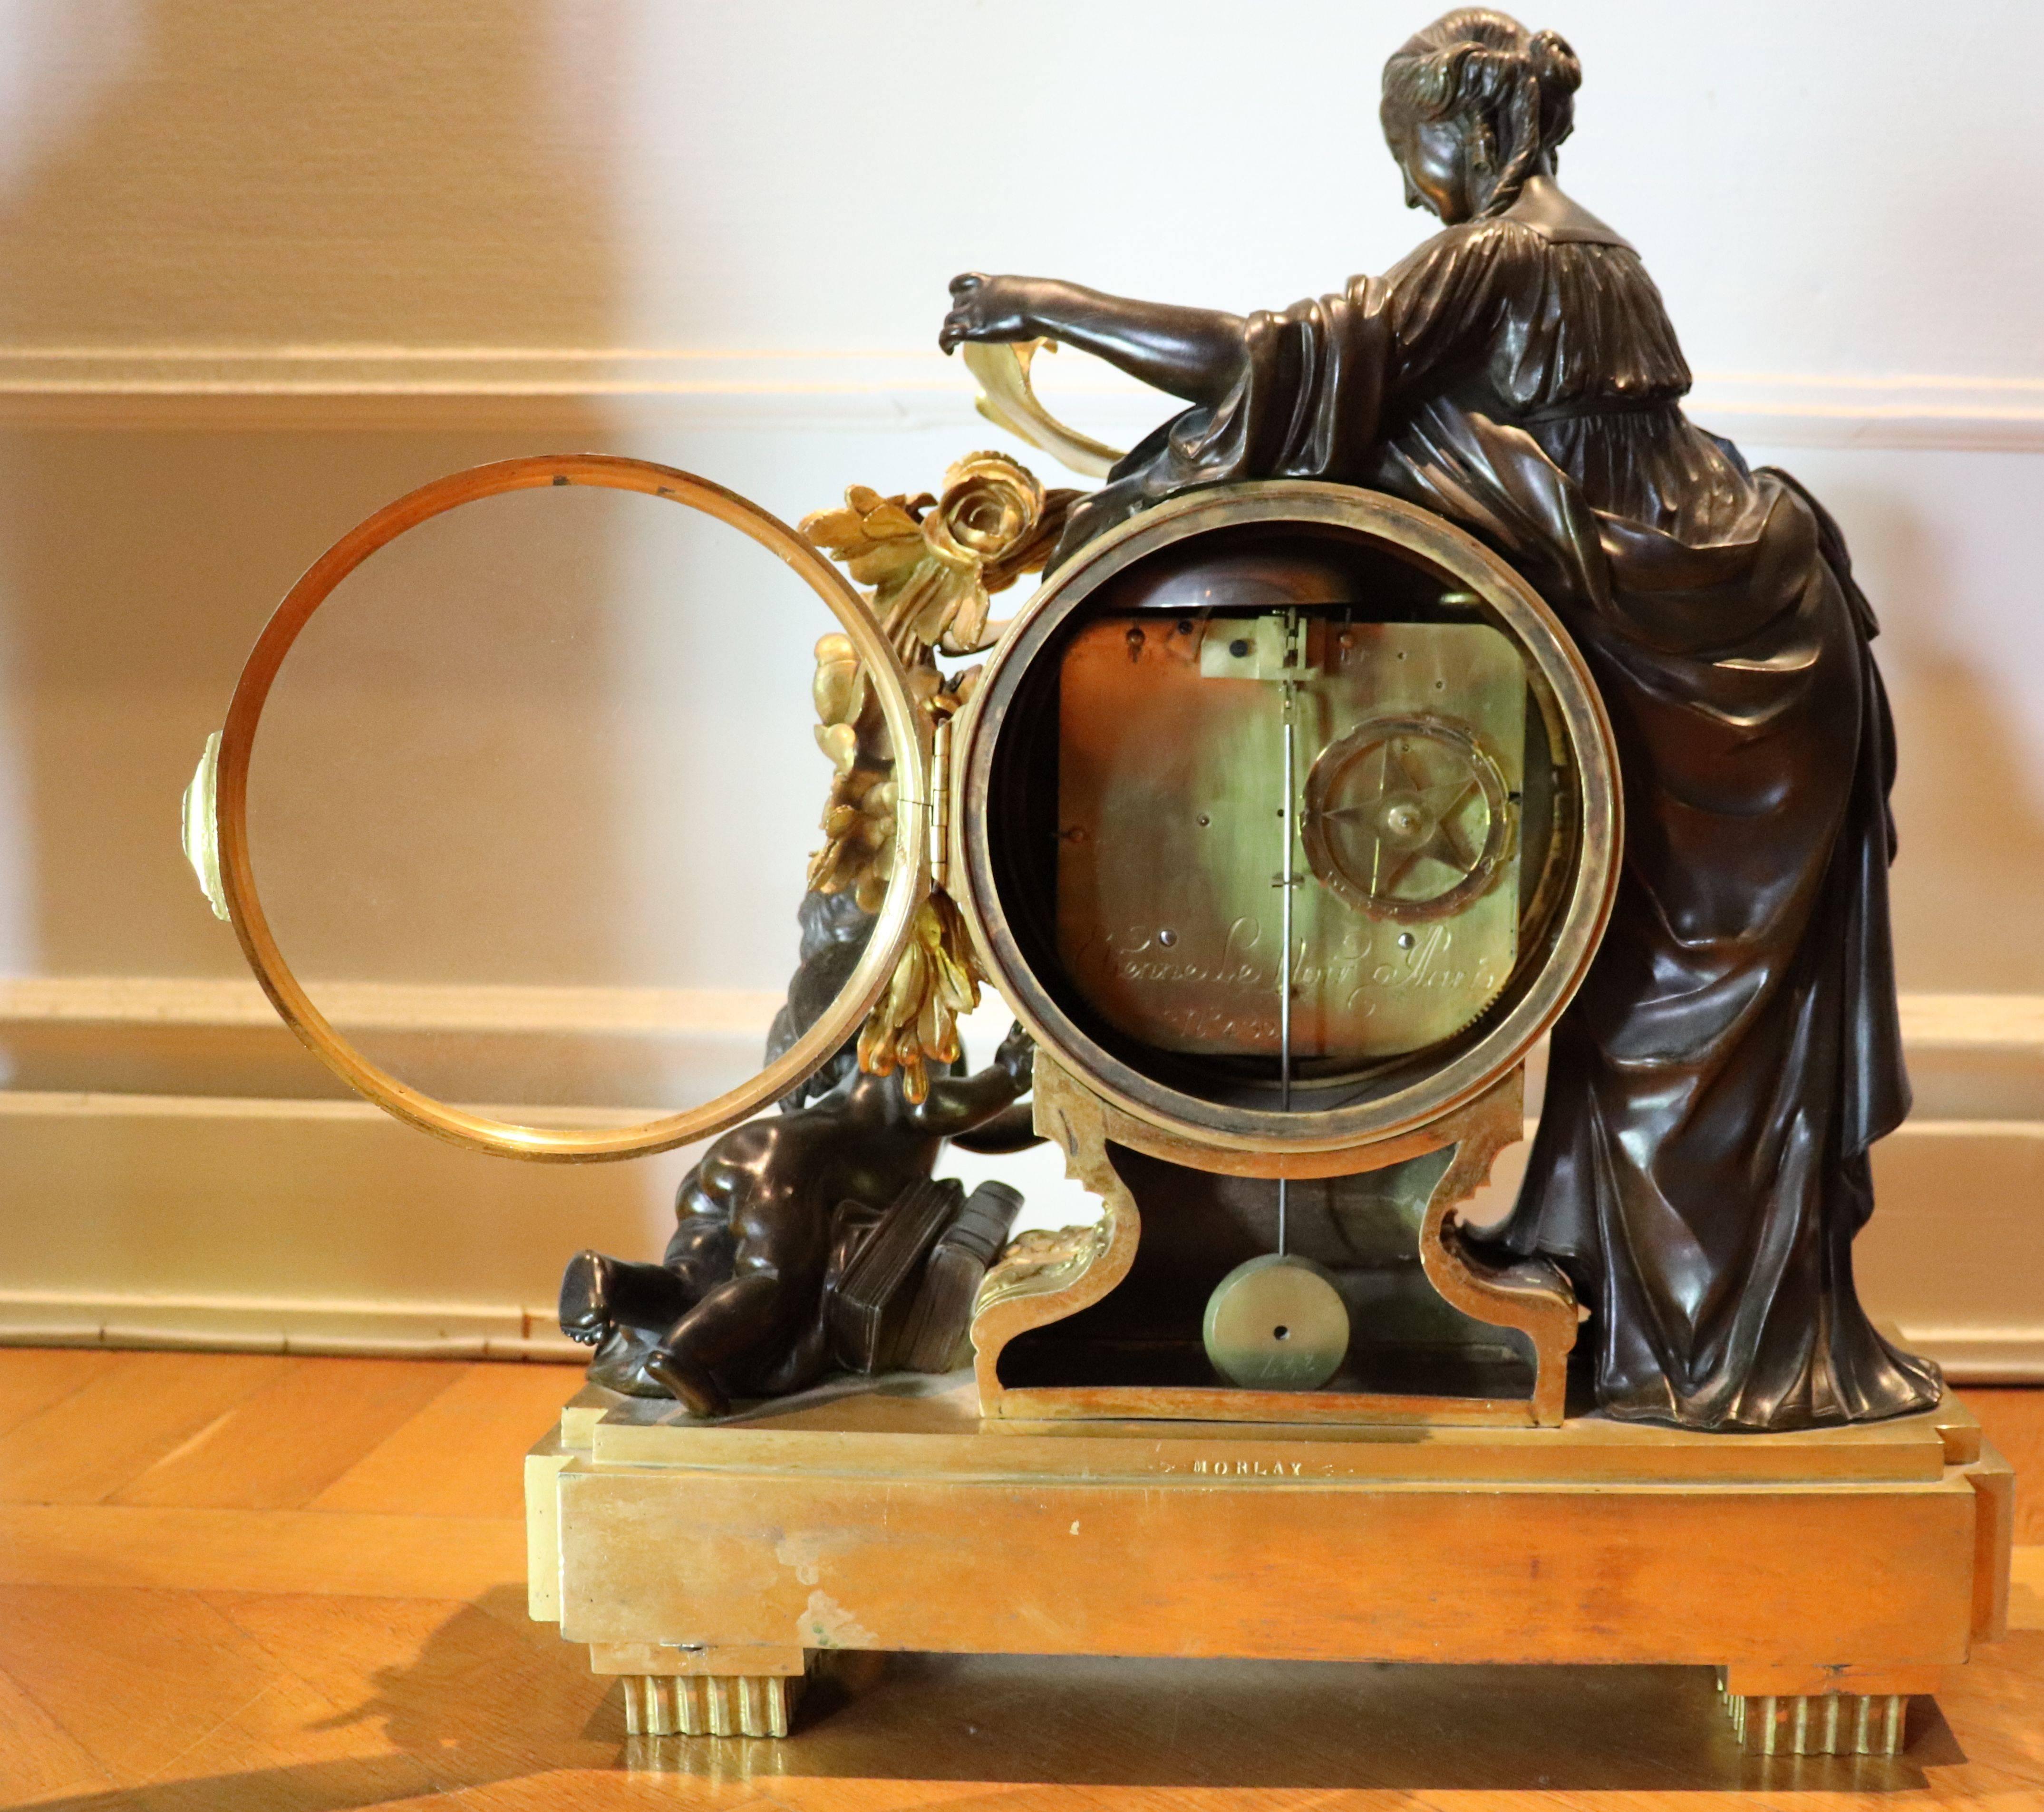 Louis XVI Gilt Bronze Mantle Clock Movement by Etienne Lenoir Case by Morley In Excellent Condition For Sale In Stockholm, SE
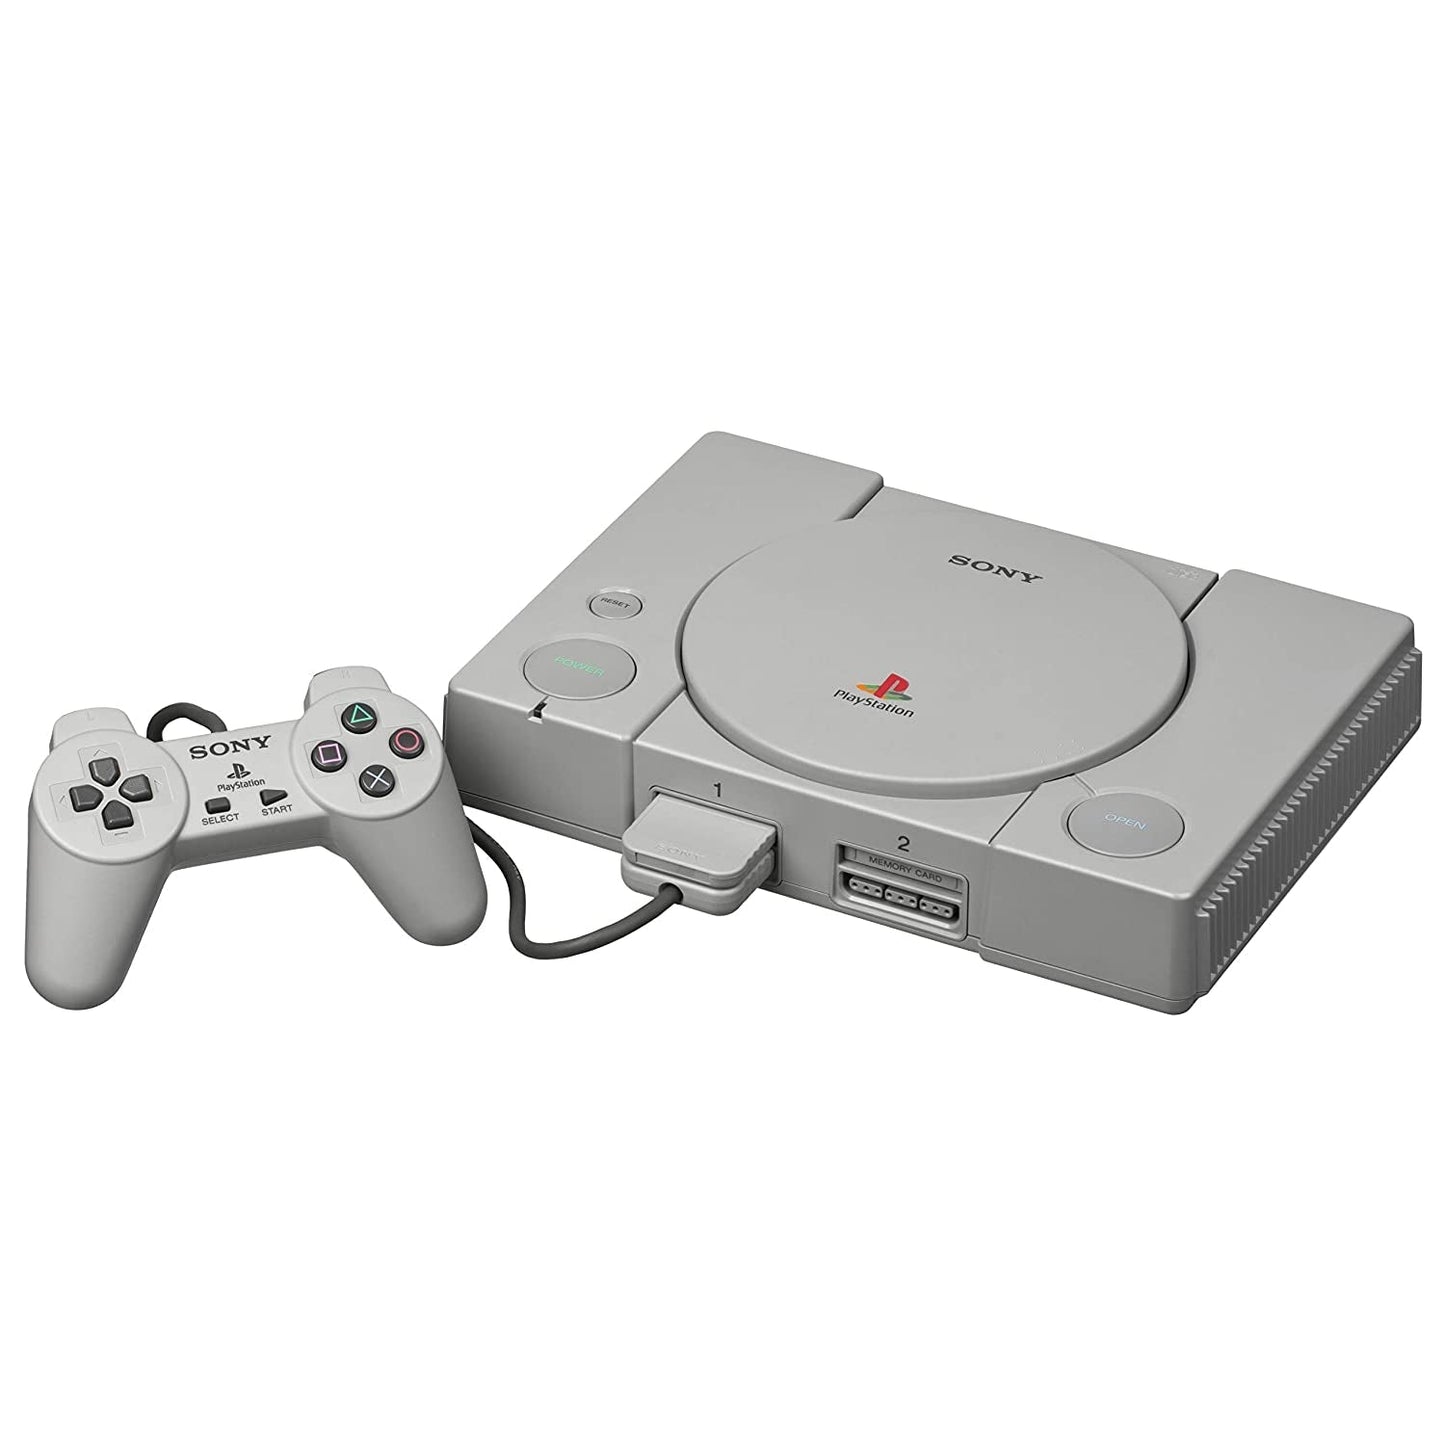 SONY Playstation 1 PS1 Console Console - Gray - 1 OEM Dualshock Wired Controller from 2P Gaming
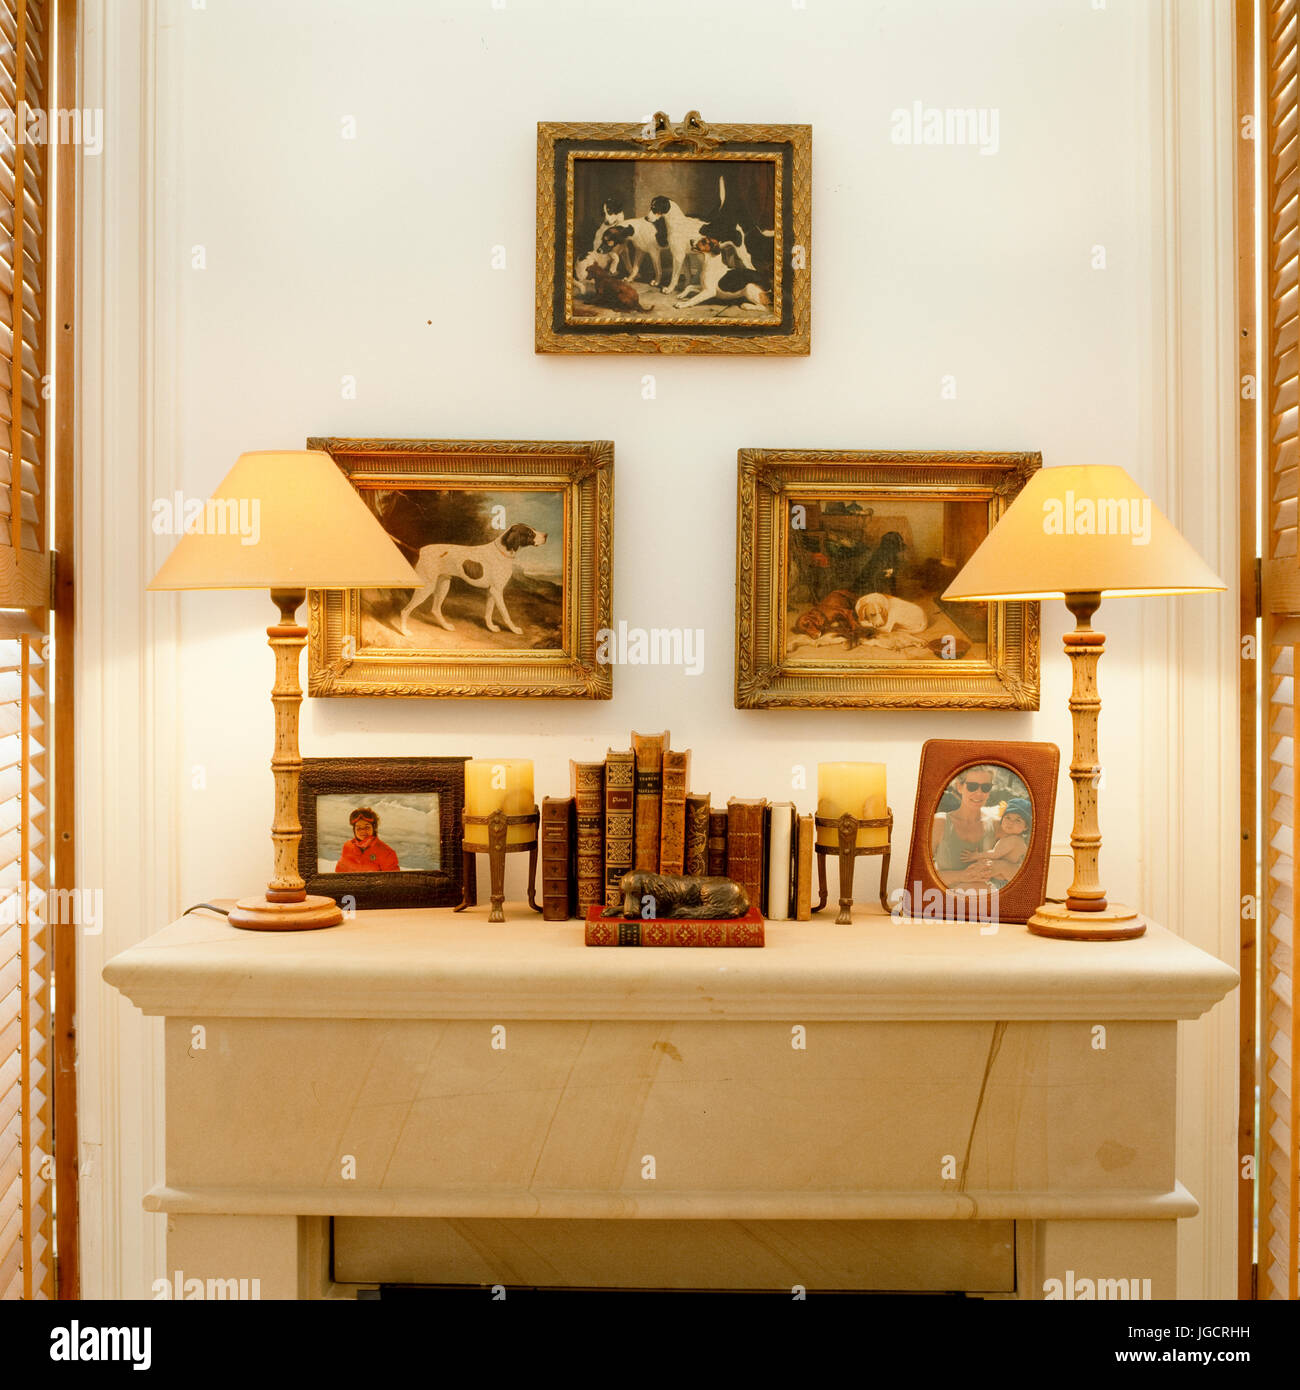 Mantelpiece with vintage lamps and art Stock Photo

Problem description =
Without the pictures, repeat the listing exactly as it reads.

Task response =
 Louis XVI Gilt Bronze Mantle Clock Movement by Etienne Lenoir Case by Morley In Excellent Condition For Sale In Stockholm, SE
 SONY Playstation 1 PS1 Console Console - Gray - 1 OEM Dualshock Wired Controller from 2P Gaming
 Mantelpiece with vintage lamps and art Stock Photo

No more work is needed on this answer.